Invented Joseph Pilates in the 1920s, Pilates is a mix of low-impact flexibility and muscular strength and endurance movements. Designed for core strength, the exercise regimen has gone from a celebrity-driven niche to a more mainstream option in the last decade, joining a crowded market of class-based workout businesses. Irvine, Calif.-based Club Pilates, competing with the likes of Orangetheory Fitness, F45 and more for members, promotes a community-based class atmosphere for its 50-minute long Pilates classes.
An ultra-marathon runner and triathlete — in 2010 he completed the Atacama Crossing, a 250K desert crossing in Chile that's about 155 miles long — Kilcullen was introduced to Pilates a few years ago. “I knew Jennifer Aniston and Madonna did Pilates,” he quips. “That was the extent of my knowledge.”
And after 30 years with HSN, pitching mostly a variety of lawn and garden products, Kilcullen says he “wanted to have something I could call my own business.”

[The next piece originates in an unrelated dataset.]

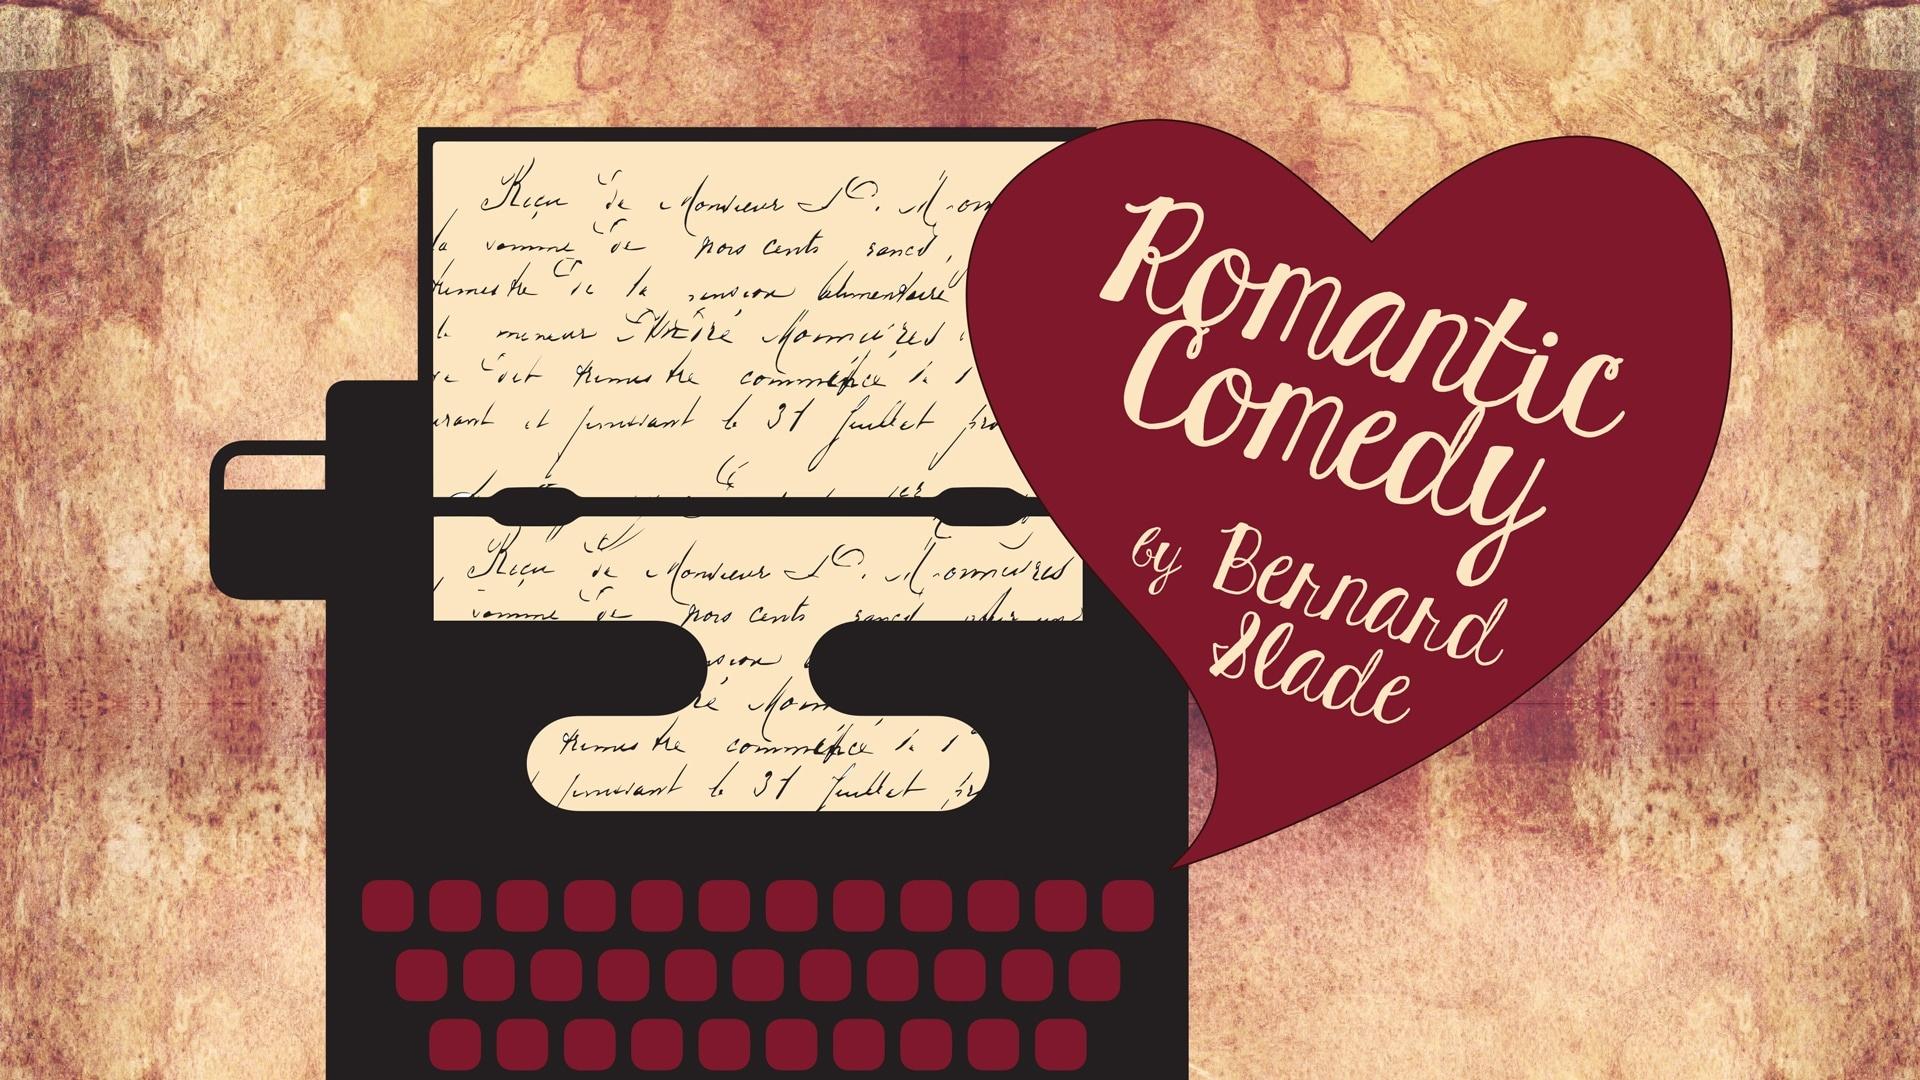 Romantic Comedy by Bernard Slade - show graphic

Now Kilcullen is in frantic survival mode, with three core challenges: recruit new members; retain current members; and keep up with the myriad pandemic-forced changes to running a business where lots of people sweat and touch equipment.
On the last point, Kilcullen wanted to be ahead of the curve in offering members a clean and safe environment. That includes an enhanced cleaning protocol, where they close the gyms for 25 minutes after every class and do “a super-power” cleaning of every surface and machine. Members are required to wear masks in the facility, and in between stints on the machines, but they don’t have to wear masks while actually on the machines.
In addition taking care of guests, Kilcullen says the amped-up cleaning protocols are a protective marketing move. “As a business owner,” he says, “I didn’t want things to go wrong and then become a target and have people say why are you doing this, why are you doing that?”
The membership conundrum is an entirely different challenge. One reason Kilcullen was attracted to Club Pilates in the first place was its small class sizes, where the business can be profitable with 300 to 400 members a year. “It’s a much different model than big gyms,” he says, “where you have to have hundreds and hundreds of people” to be profitable.
But getting people to sign up now is a tough sell, with the lingering uncertainty. Opening in the summer is hard even in a non-coronavirus world — camps, vacations, etc. — and the two new locations couldn’t do any street-level, member-to-member marketing. In conference calls with the corporate office, Kilcullen’s leaned on Club Pilates officials to extend a 20% monthly discount for new members through at least all of July, if not longer. “We really need it,” he says.
What Kilcullen also needs is some clarity in how to operate all five Club Pilates locations, and a way to handle the curves that keep coming his way. “I’m (constantly) thinking about how we will stay safe and how we will not go out of business,” he says. “If we have to close again it’s going to get really serious.”